Assignment: Output, word for word and without pictures, the lines from the one containing "Fir Tree Partners.jpg" through the final line of the listing below.

Recorded information:
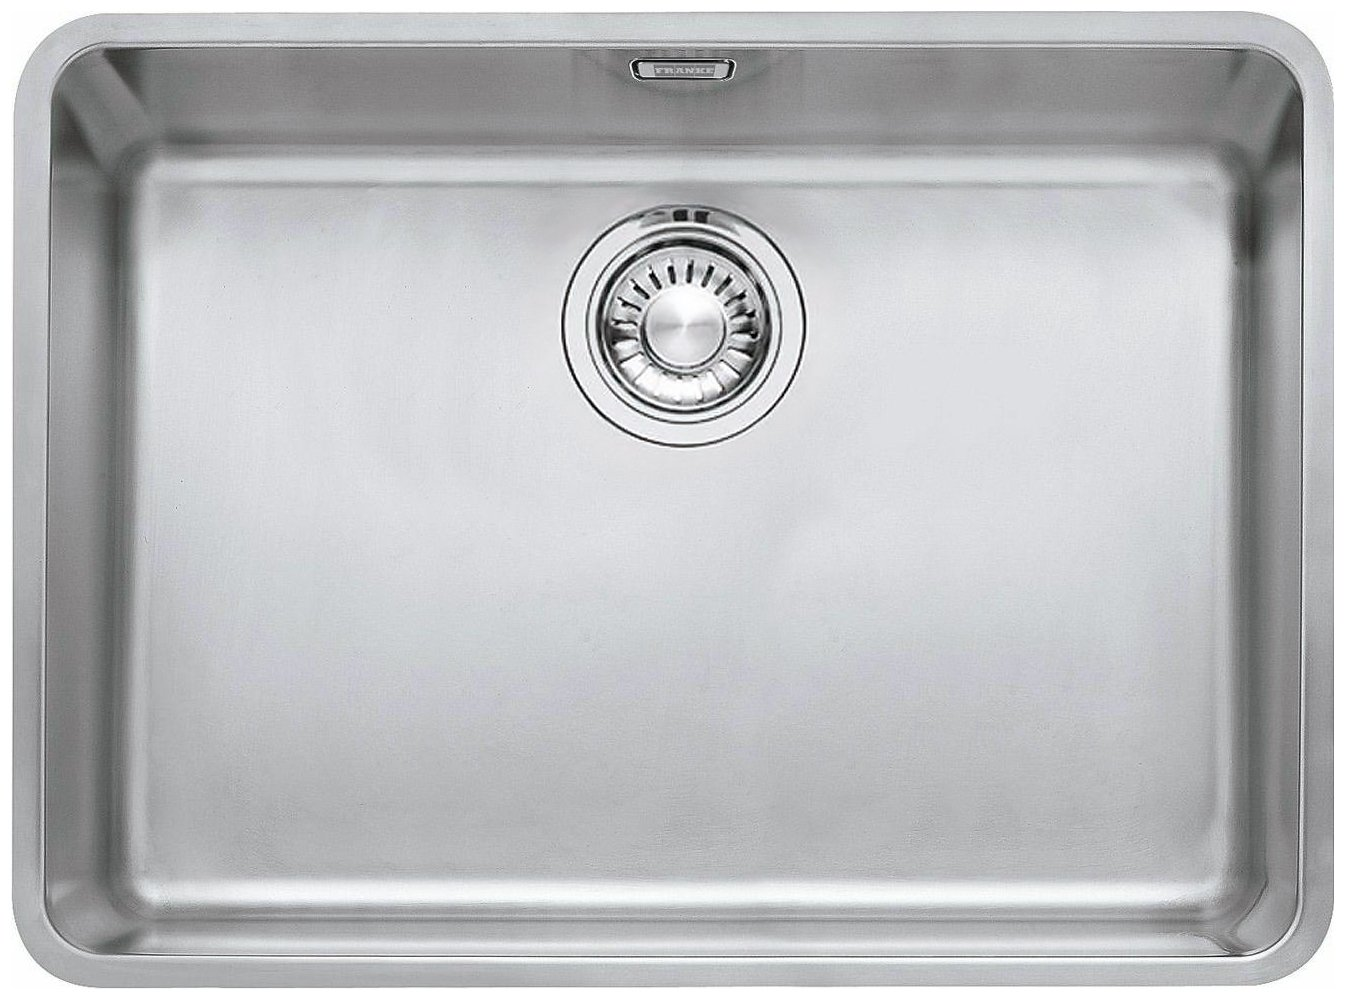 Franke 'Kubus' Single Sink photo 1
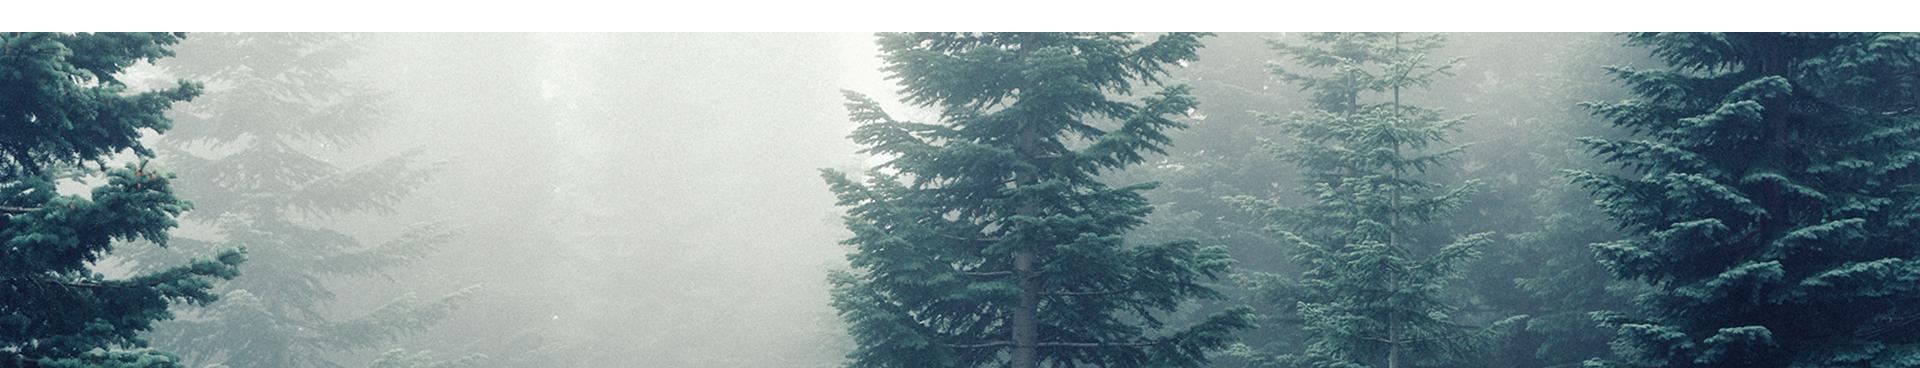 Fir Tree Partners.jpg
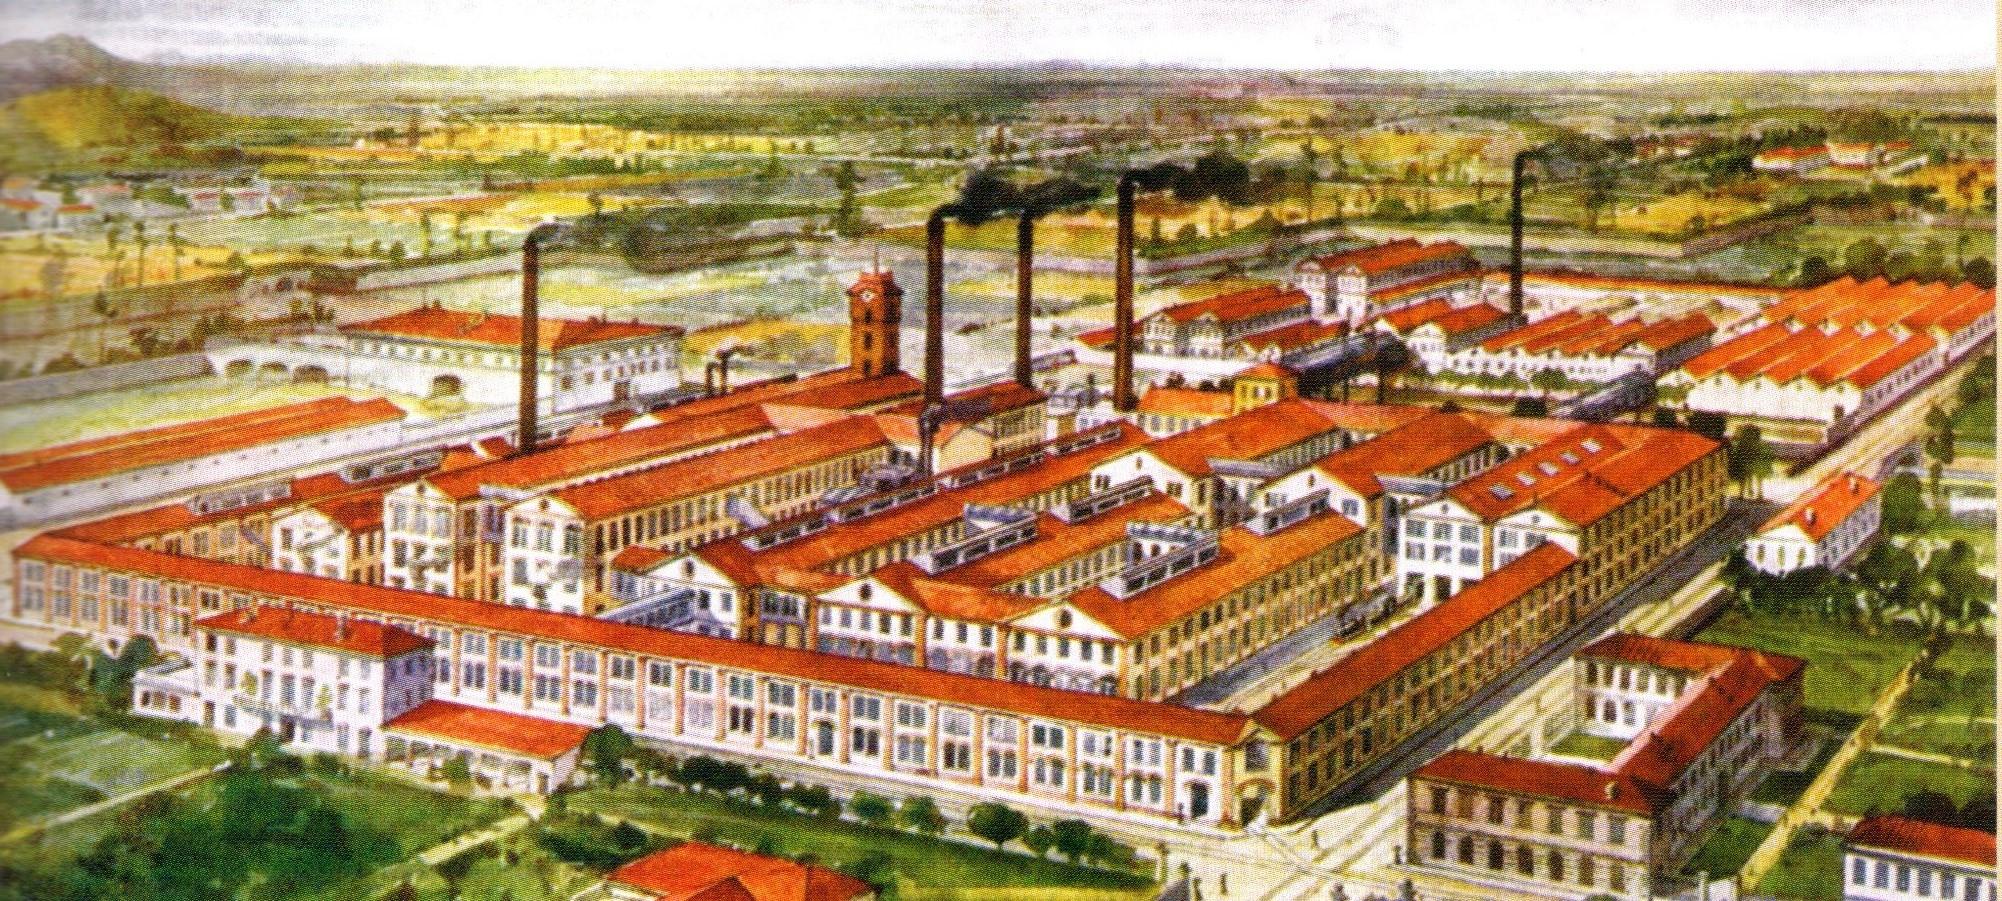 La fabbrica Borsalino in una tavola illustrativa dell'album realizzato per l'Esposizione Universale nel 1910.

Task output:
 Fir Tree Partners.jpg
 La fabbrica Borsalino in una tavola illustrativa dell'album realizzato per l'Esposizione Universale nel 1910.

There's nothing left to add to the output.